▶ **RECORDS SUPPLIED**
####################
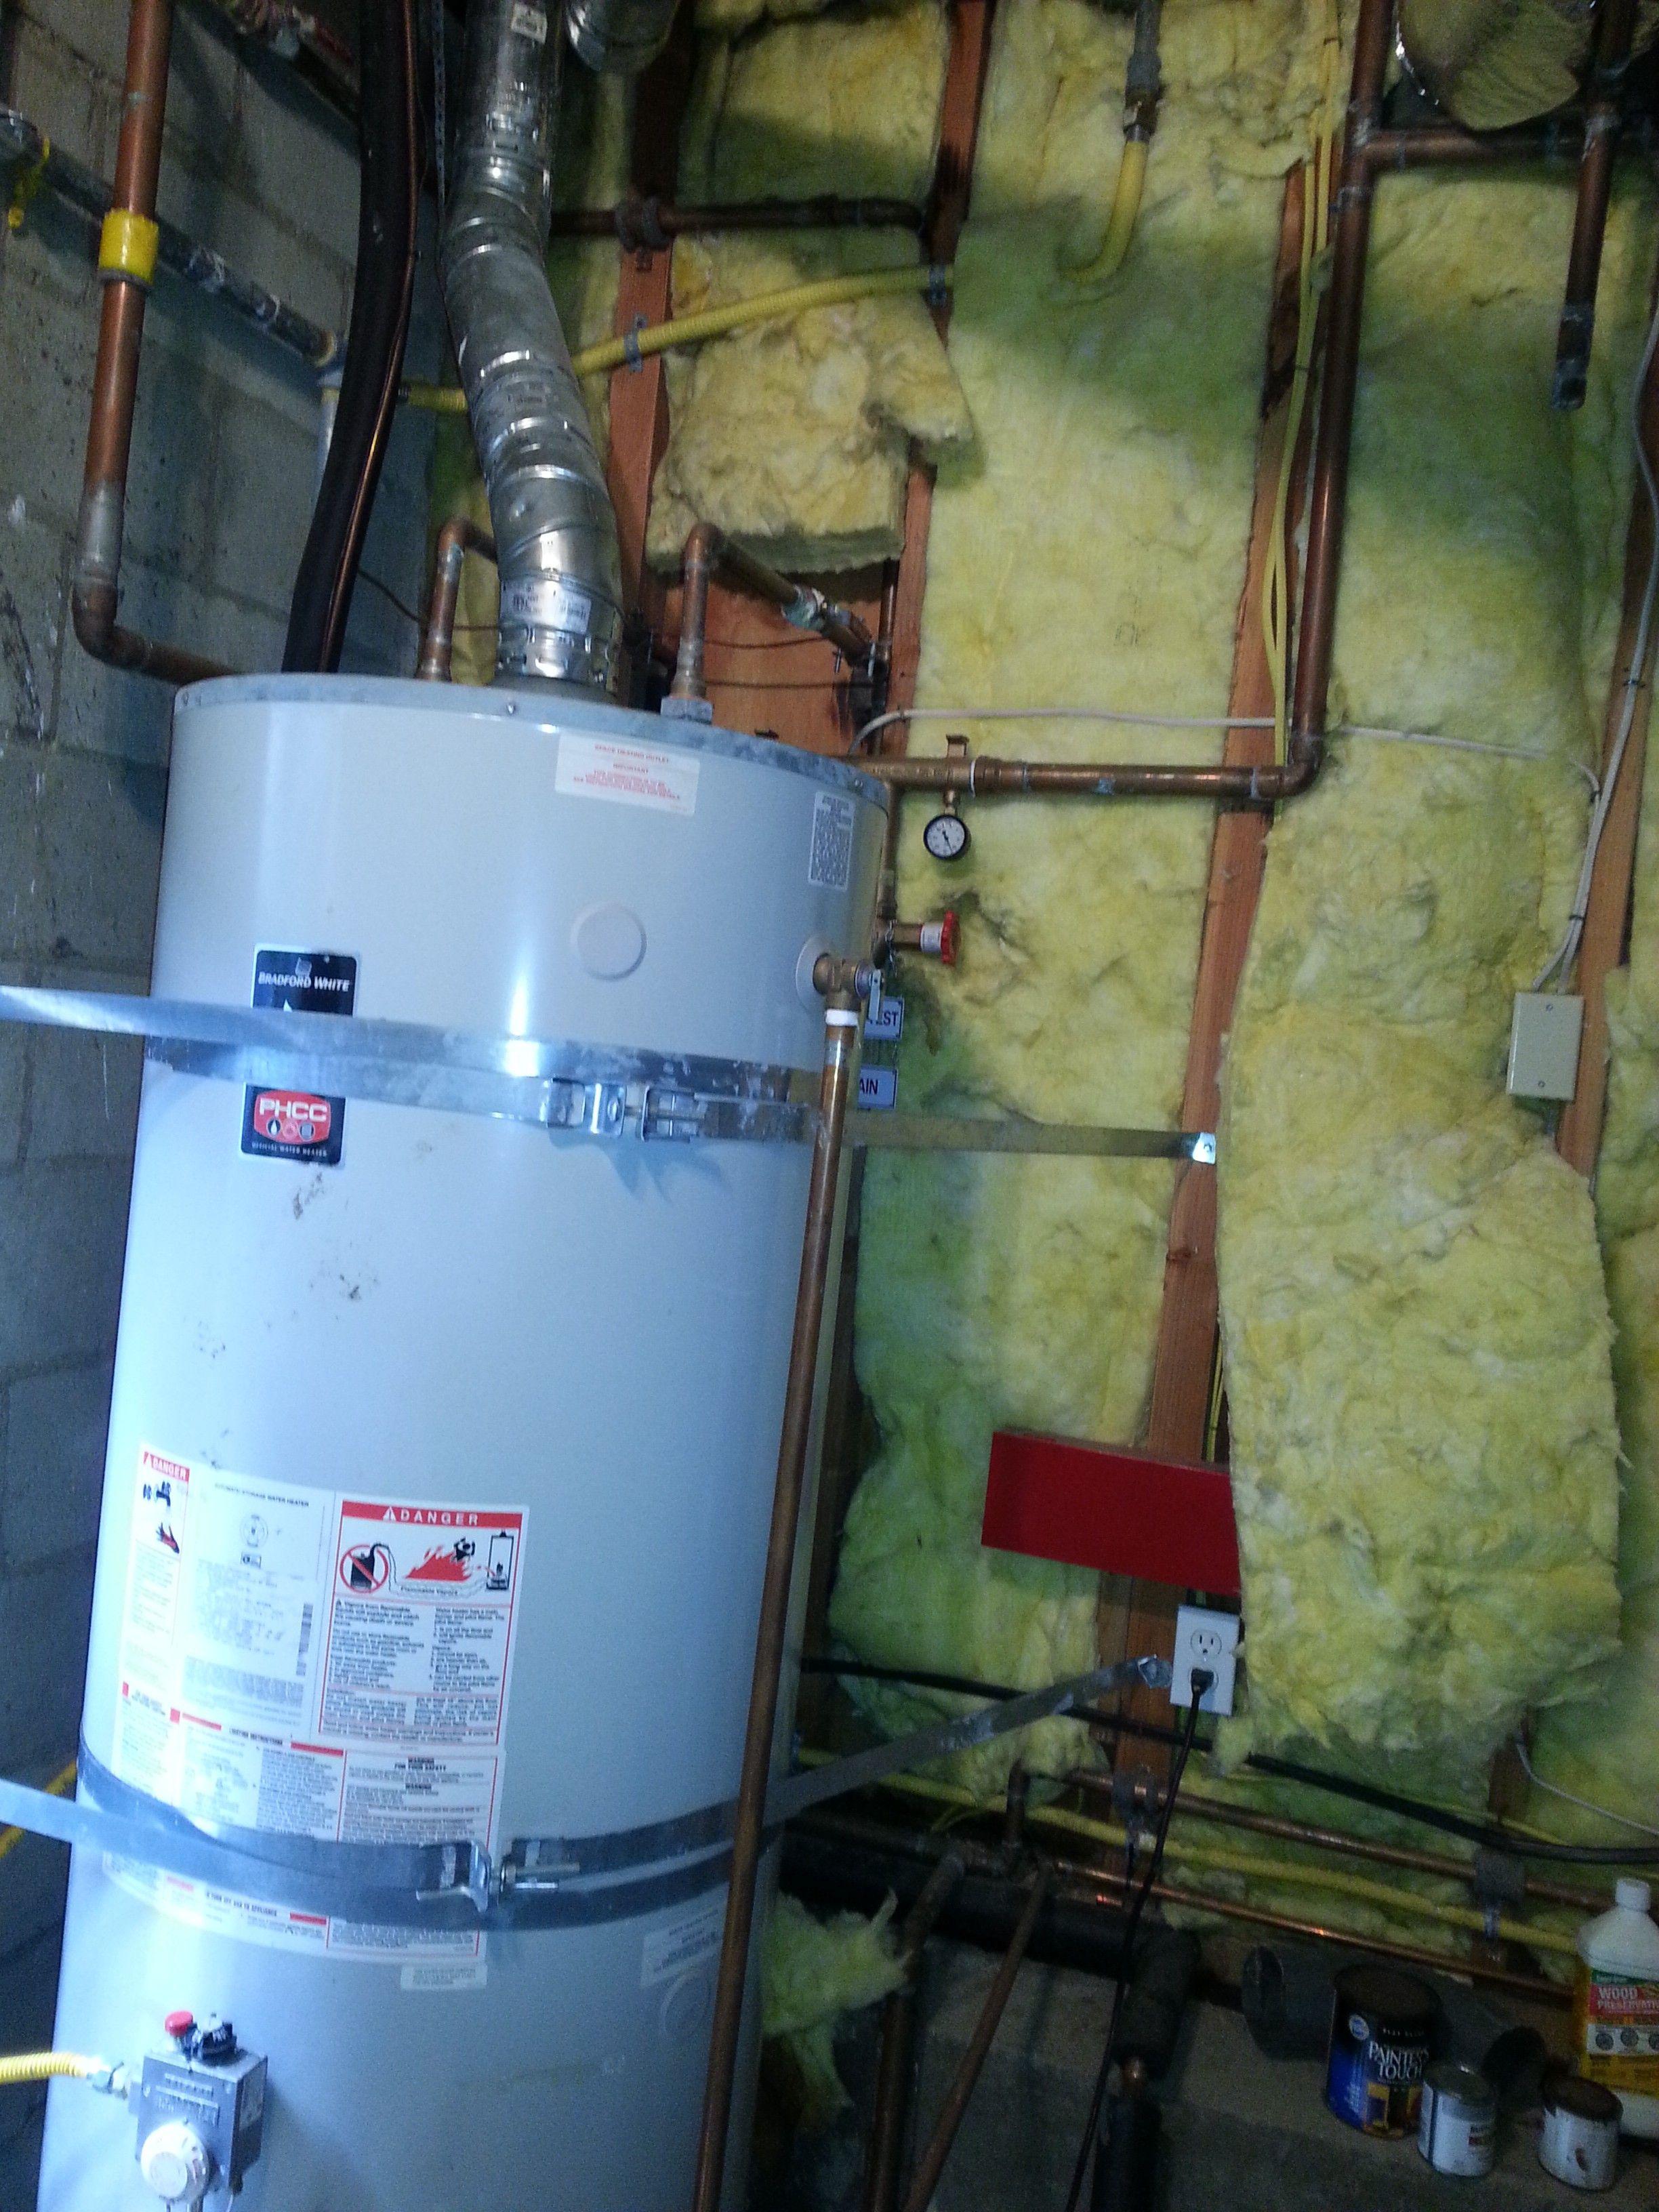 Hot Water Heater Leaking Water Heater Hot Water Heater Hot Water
####################
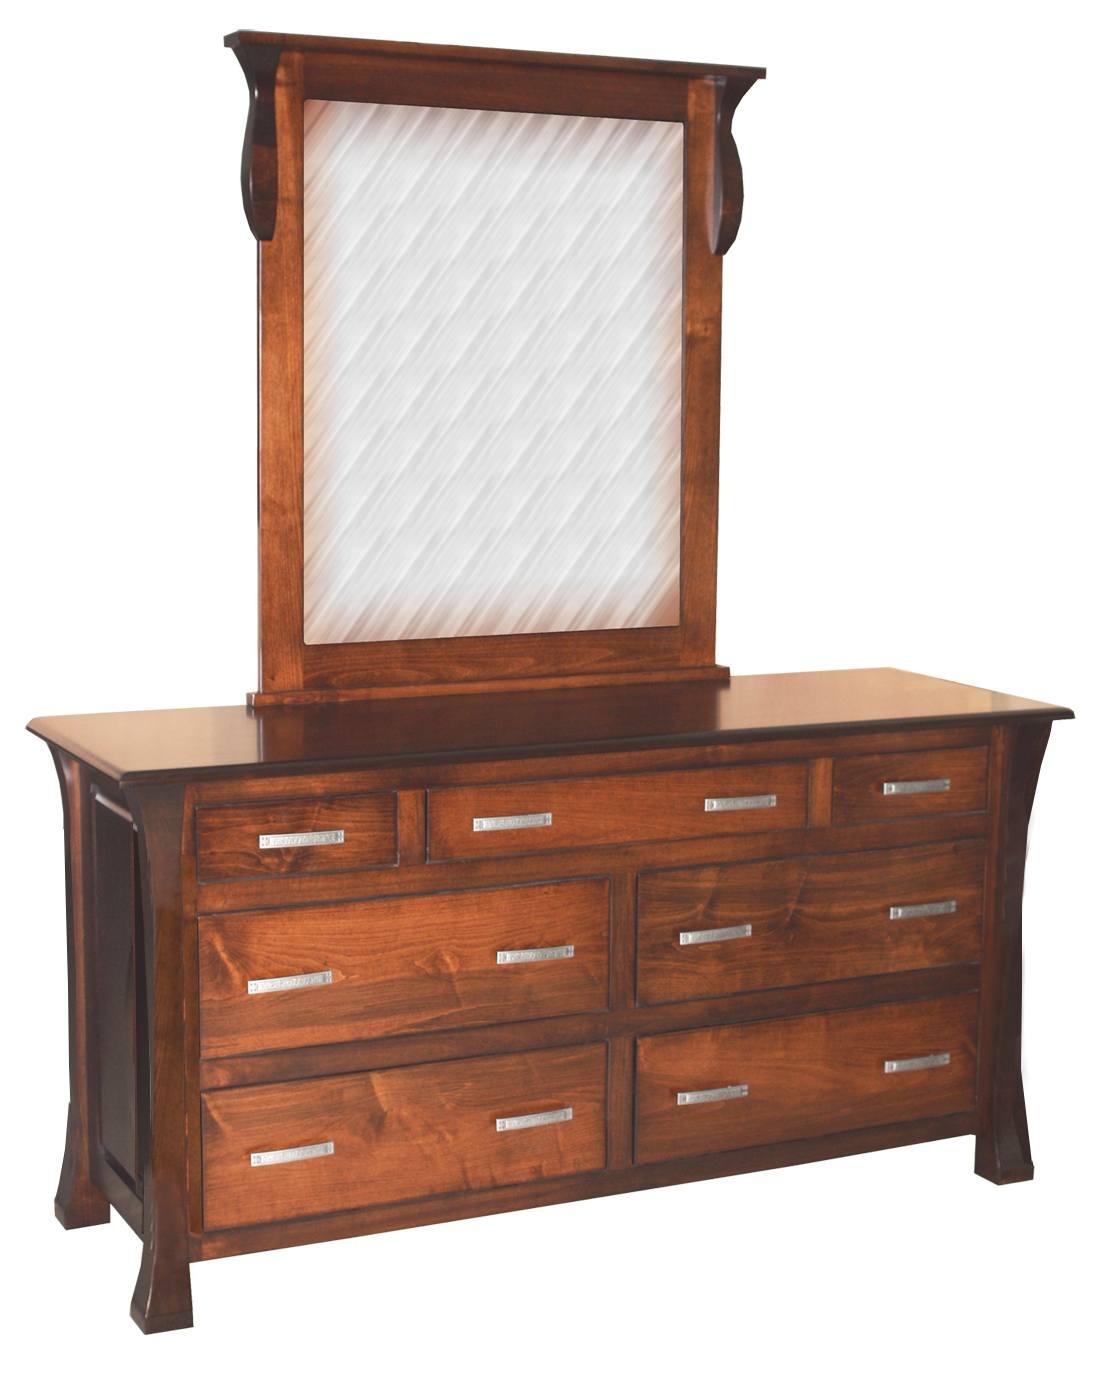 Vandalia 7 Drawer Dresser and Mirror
####################
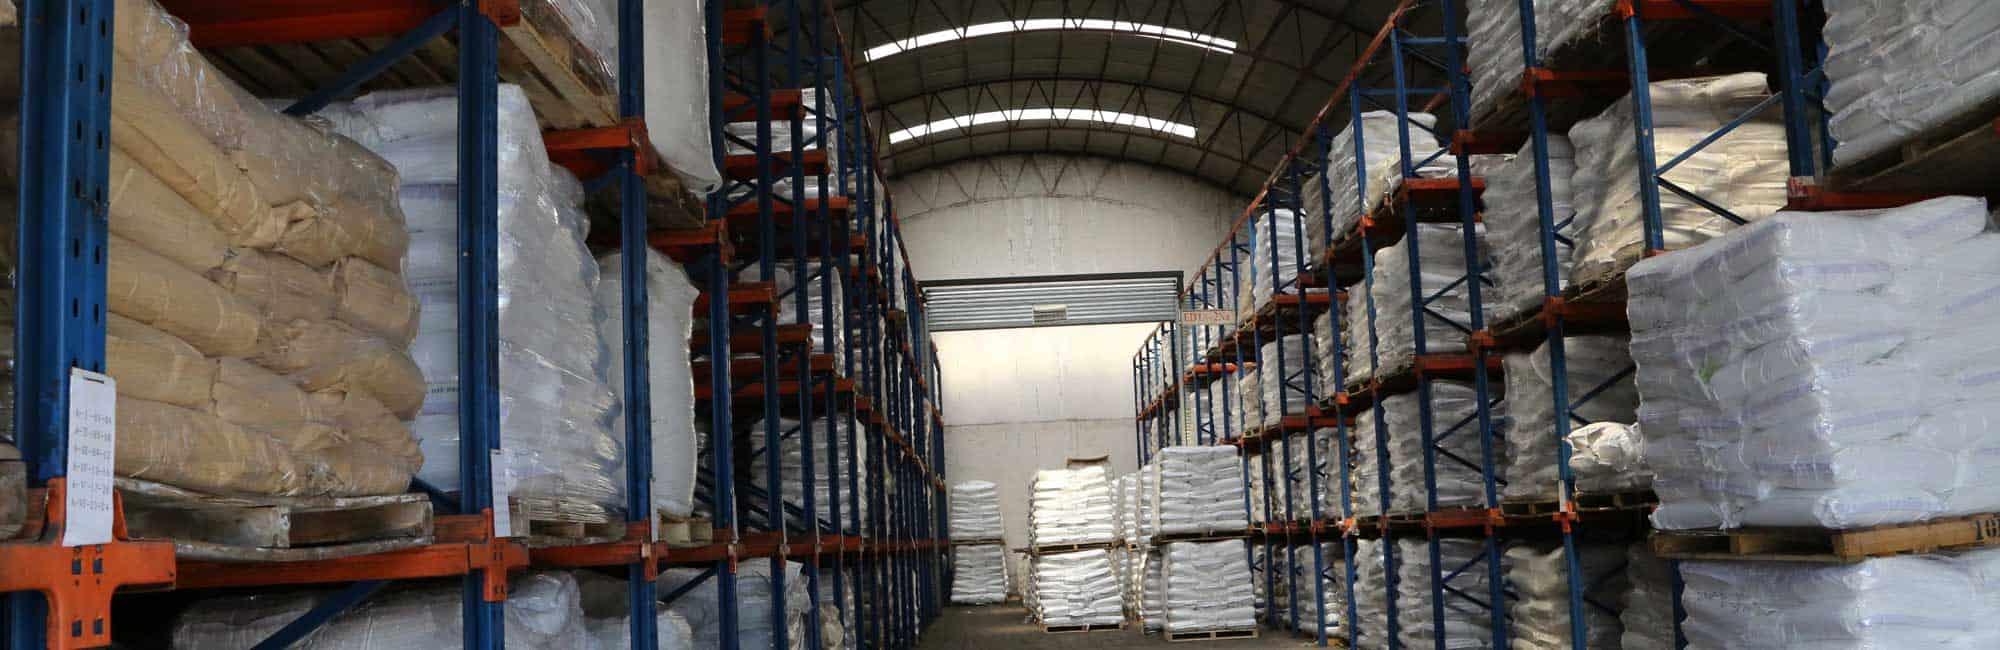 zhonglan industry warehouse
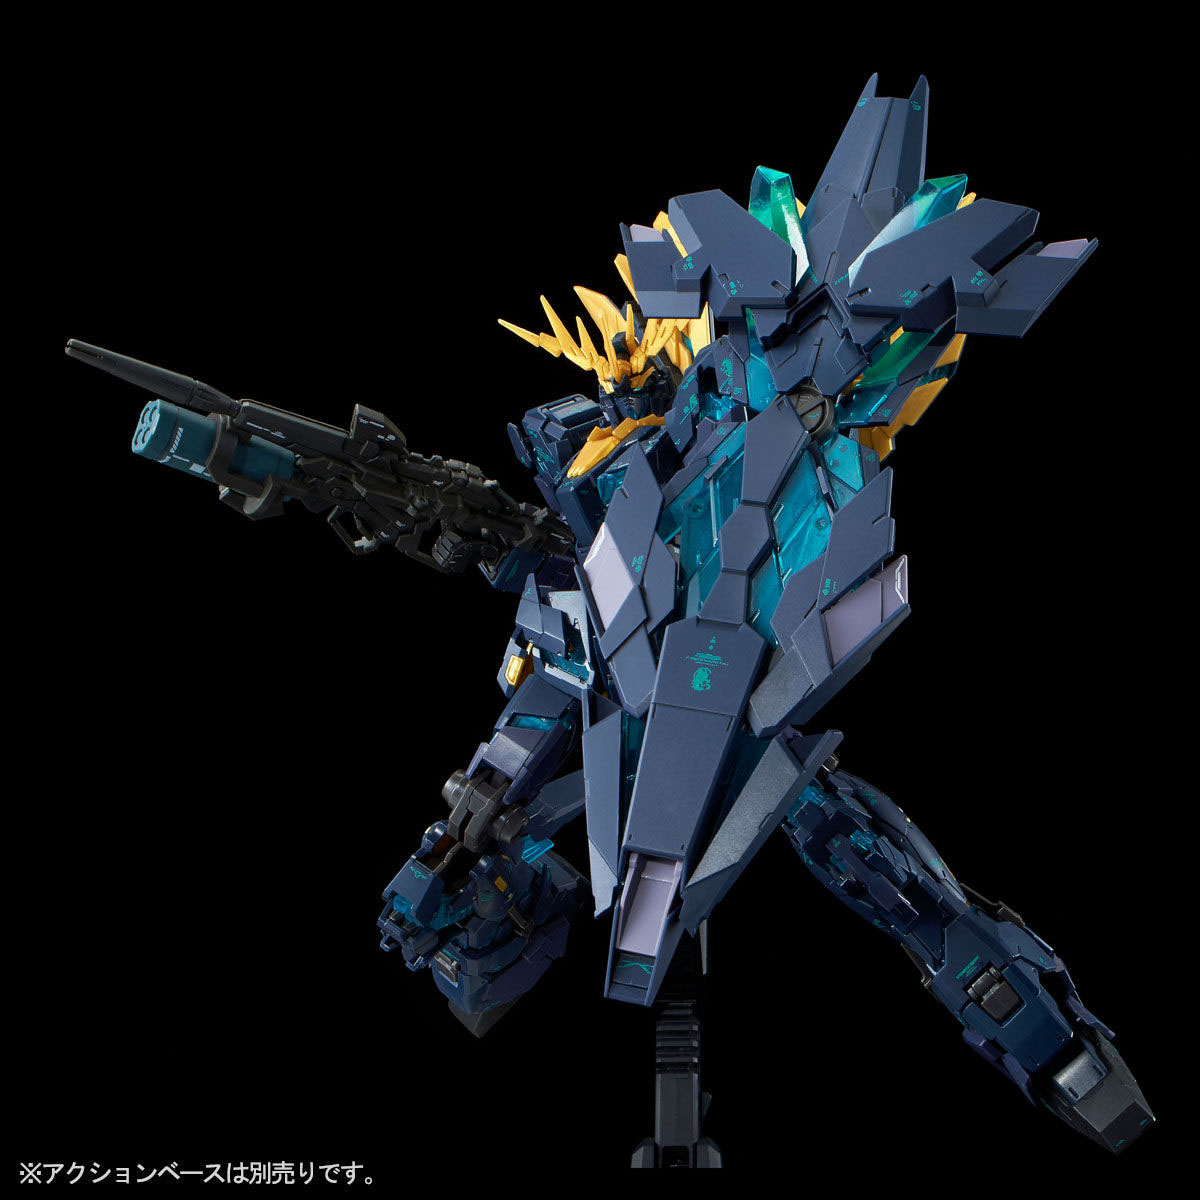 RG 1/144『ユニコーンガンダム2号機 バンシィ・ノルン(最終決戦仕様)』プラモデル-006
####################
▶ **TASK OBJECTIVE**
In the listing above, find the line containing "zhonglan industry warehouse" and the line containing "RG 1/144『ユニコーンガンダム2号機 バンシィ・ノルン(最終決戦仕様)』プラモデル-006". Print those two lines and every line between them exactly, with no pictures.

▶ **ANSWER TO THIS EXERCISE**
 zhonglan industry warehouse
 RG 1/144『ユニコーンガンダム2号機 バンシィ・ノルン(最終決戦仕様)』プラモデル-006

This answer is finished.